One thing Wright was happy about was the quality of accountants she had at her disposal both within and outside the body.

‘The quality of accountancy in the SFO is first class and recruiting (former Levy Gee partner) Stephen Low as head of accountancy at the SFO was one of my major triumphs,’ says Wright. ‘Also, the quality of external accounting we brought in is top rate.’

After six years as the head of the SFO, and a one-year extension to her contract, she decided to move on from a job that she describes as ‘intense’. However, within two weeks she had been invited to head up the Fraud Advisory Panel at the ICAEW, once again succeeding George Staple.

It is one of the 13 jobs she is currently involved in, not all of them paid. As well as being a non-executive director at the Office of Fair Trading she is on the legal services board at the Department of Trade & Industry, is chairman of the employee bar committee of the bar council and vice-chairman of a charity that teaches business ethics to sixth-formers.

This won’t take away from her responsibilities at the FAP, however. Since taking up the role, Wright has been involved in the publishing of a report on identity fraud and advising companies to set up databases of suspected or known frauds.
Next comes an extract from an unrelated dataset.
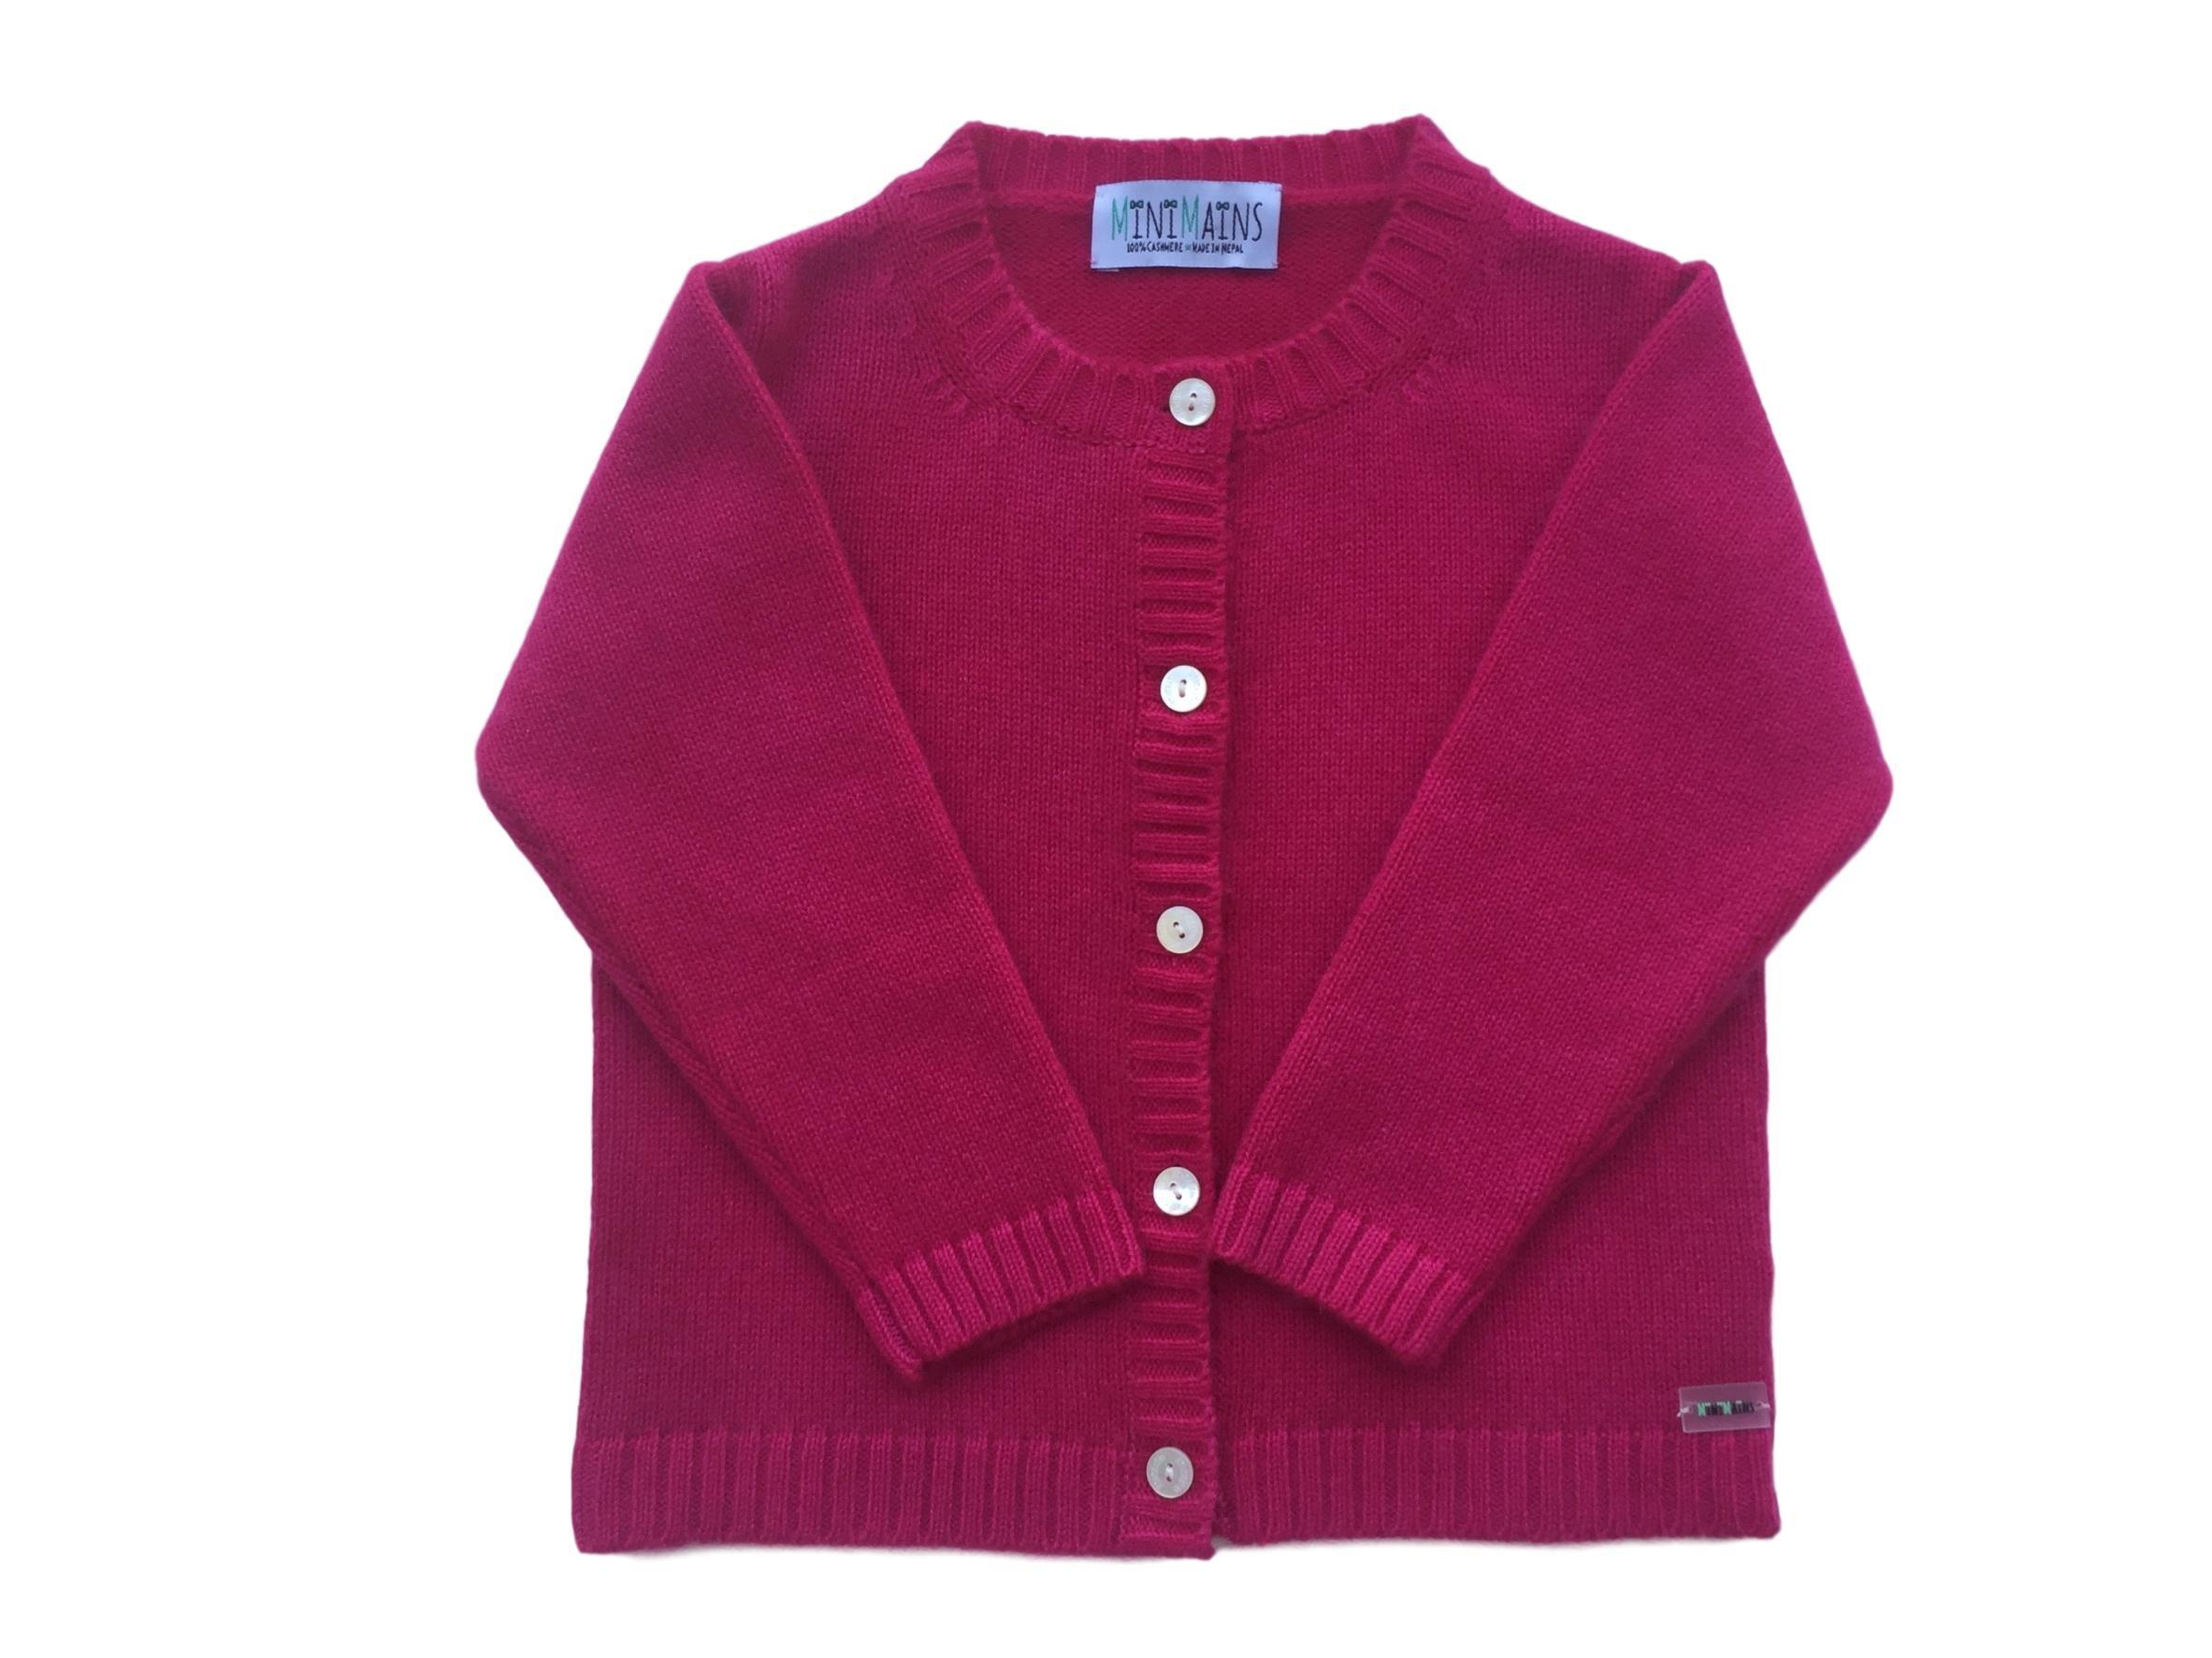 Minimains Little Girls' Pure Cashmere Round-Neck Cardigan 2y Hot Pink

‘The panel draws the public’s attention to rising trends in fraud and dangers to everybody, but it also raises awareness among professions and business of where they may be vulnerable to fraud, how to protect themselves and how to go about being taken seriously when reporting it to the police,’ she says.

With the release of new money laundering regulations on the horizon it will also be focusing its efforts on helping accountants and other businesses to come to terms with the new laws. ‘We lay on seminars for accountants through the ICAEW, workshops and booklets and a website to help them understand their responsibilities,’ says Wright.

‘It is a huge new area and one accountants have to be particularly careful about. Solicitors have had the first cut of this and they are already licking their wounds. It’s not going to be an easy transition for anybody but the FAP is there to help, inform and educate.’